# Unexpected colourful visitor



## Lambo (Oct 9, 2006)

Hi all, just had a kingfisher fly into our patio doors, I managed to retreive it before the cat pounced. I released it over a nearby pond, thankfully it flew away ok.
We have lived here around 25 years and have only ever caught a brief glimpse of a kingfisher a couple of years ago now, we're chuffed to bits, cheers, Paul.


----------



## trevorf (May 16, 2005)

Beautiful little birds, well done for rescuing it   

Trevor


----------



## wakk44 (Jun 15, 2006)

Nice one Paul,

They are one of my favourite birds and quite spectacular in flight,in the sun they are like a really bright,electric blue. 

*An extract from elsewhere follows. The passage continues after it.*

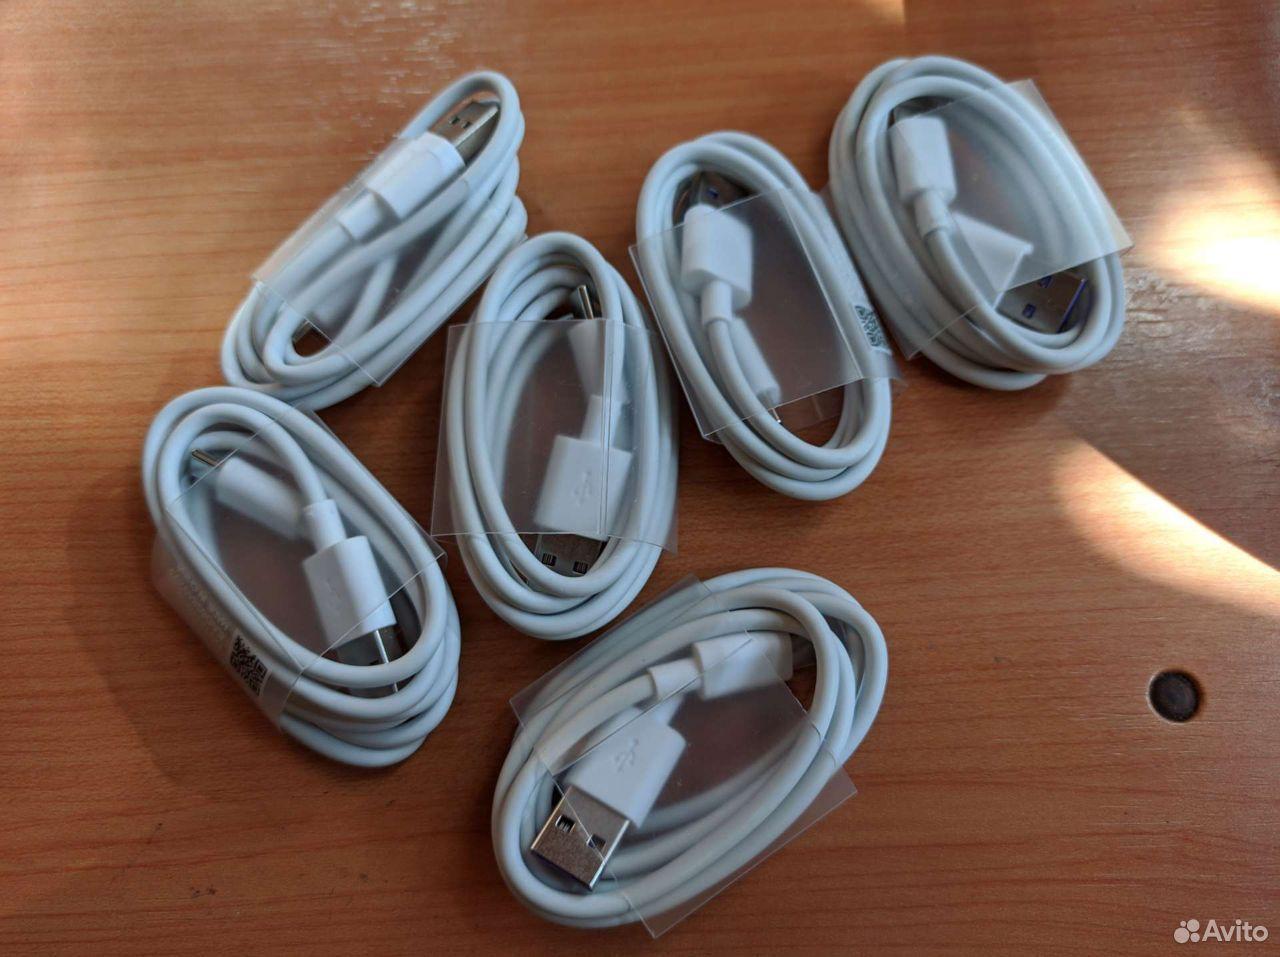 Провод tupe C 1метр 5 ампер для быстрой зарядки см  89249178000 купить 1

I was fortunate to watch a pair diving into the river a couple of days ago whilst out fishing.

They hit the water at a fair speed and almost invariably came up with a small fish in their beak.Nature at it's best.

Steve


----------



## Pusser (May 9, 2005)

They normally have a heart attack if I pick birds up but I can see it must be disturbing for them being handled by a monster. 

We had a kingfisher who used to dine on my gold fish but since he and Eva Heron ate them all, I have not restocked and thus have not seen him or her since. At least not in my garden. Sometimes I wonder if I ought to get some goldfish in to help these birds during winter months but I don't like seeing live fish disappear down birds throats so a bit of a quandry for me.


----------